At the cellular level, elevated fatty acid levels have been reported to influence various signaling pathways, including ER-stress and the UPR. The activation of IRE1-XBP1 axis in the UPR is a well-established consequence of elevated palmitate levels in cancer cells (36). In our study, we show that the loss of desmoplakin actually depends on the activation of the IRE1-XBP1 pathway. In the presence of palmitate, cancer cell lines undergo loss of desmoplakin and enhanced migration. However, these effects of elevated palmitate levels were abrogated in the IRE^−/− KO cells. Thus, our results provide direct evidence linking the IRE1-XBP1 pathway with loss of DSP and enhanced cancer cell migration in the presence of palmitate.

We further explored the precise mechanism by which IRE-XBP1 pathway could regulate DSP expression. Based on systematic analysis of the DSP promoter, we identified multiple ZEB binding sites that could suggest a transcriptional repression mechanism triggered by IRE1-XBP1. This hypothesis derives from a recent study suggesting the spliced and active form of XBP1 (XBP1s) is a direct transcriptional activator of SNAI1, SNAI2, ZEB2 and TCF3 transcription factors (28). We corroborated the correlative expression patterns between DSP expression and methylation levels with ZEB expression across a large cohort of human tumor samples from the TCGA and ICGC project. Moreover, we demonstrated a direct link between ZEB expression and DSP promoter activity, thereby confirming the regulatory link between ZEB and DSP. In addition, we demonstrate that ZEB expression levels were elevated in cells treated with PA, while this effect was suppressed in the IRE^−/− KO cells. Based on these results, we confirmed our hypotheses of DSP regulation via the IRE1-XBP1-ZEB axis and proposed the functional model in Figure 5D.

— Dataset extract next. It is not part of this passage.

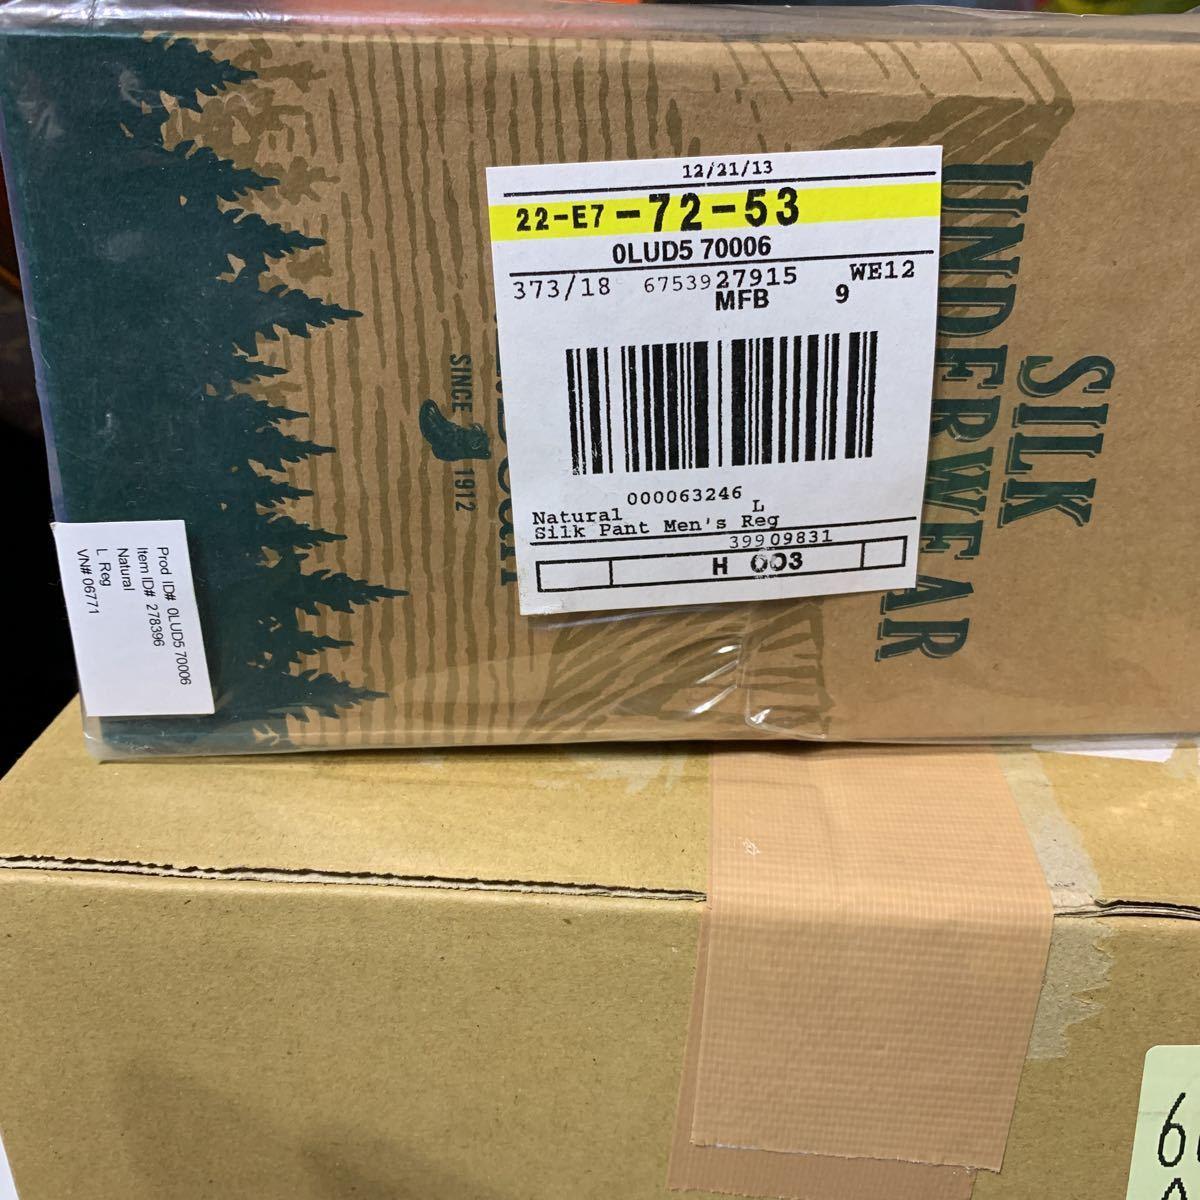 送料無料 新品未使用 L.L.Bean エルエルビーンズ シルク アンダーウエア パンツ Lサイズ ライトウェイト ソリッド シルク100%

As we continue to gain further evidence supporting the molecular mechanisms that govern cancer cell progression in the presence of elevated palmitate, we must also scrutinize the phenotypic impact of these alterations in patient tumors. We investigated the relevance of loss of DSP expression and gain of IRE1 genomic copy number in patient prognosis. Our analyses revealed a significant impact of both alterations on poor patient outcomes, as would be expected based on enhanced migration of the cancer cells observed in our experiments. While these are preliminary and speculative connections, they highlight the need to study the role of these pathways in further details.

Implications:

Provides mechanistic link on palmitate-induced activation of IRE1α to cancer cell migration.